On the other side of the story of the genesis of the protest song are the agencies that thwart the protest song. Why songs are written needs to be considered in conjunction with why they are not. Sometimes the latter may be accounted for in terms of genre (some musical forms do not admit of some topics), or some issues do not easily lend themselves to song. The former leader of Talking Heads, David Byrne, once remarked:
I find it very difficult to express political ideas in a song. My ideas tend to focus on very specific situations. For instance, in my opinion the government of Chile is a puppet of American corporations. That’s not an easy thing to put into song.18Flanagan, Bill (1986) Written in my Soul: Rock’s great songwriters talk about creating their music, Chicago: Contemporary Books, p. 306.

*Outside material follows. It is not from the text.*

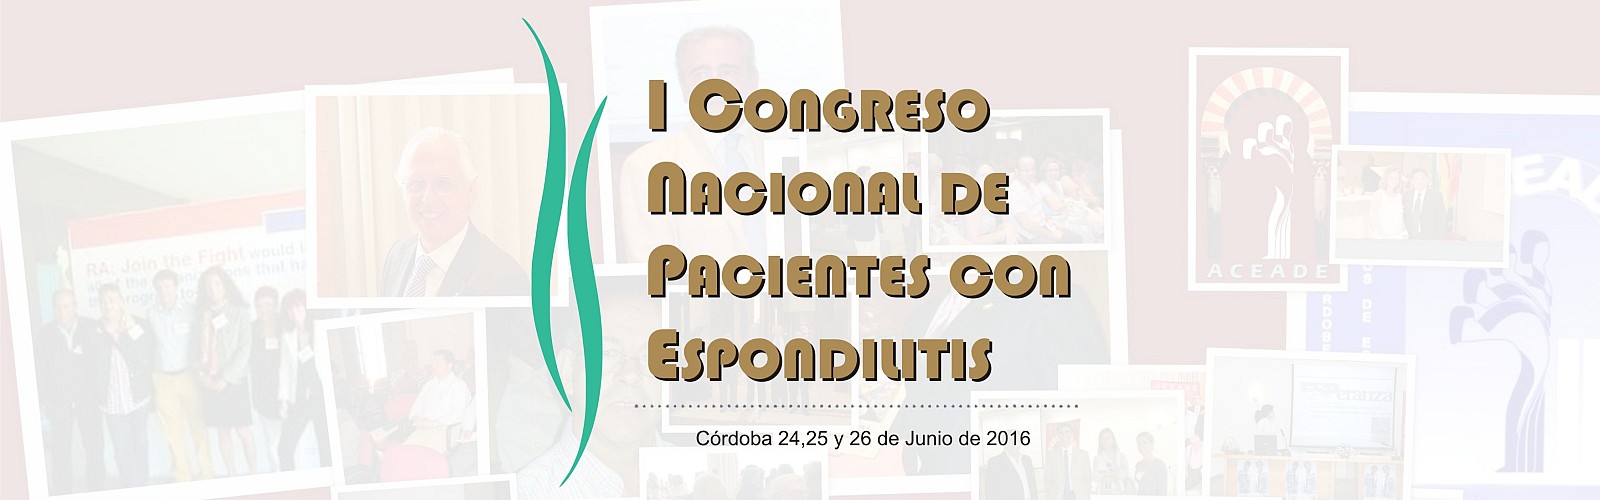 I Congreso Nacional de Pacientes con Espondilitis

But there are also external factors: the actors and institutions which, whether deliberately or not, frustrate the expression of political sentiments in song. Many laws have been called into service to prevent the performance or circulation of the protest song: those of blasphemy, obscenity, noise abatement, public safety, sedition, broadcasting regulation, Form 696 and much else besides (also the subject of another case study).
There are, of course, no generalisations to be made about the origins of the protest song, but for each song there are a range of possibilities that take use beyond the simple assumption that the answer lies with either ‘events’ or ‘conscience’ or ‘political commitment’.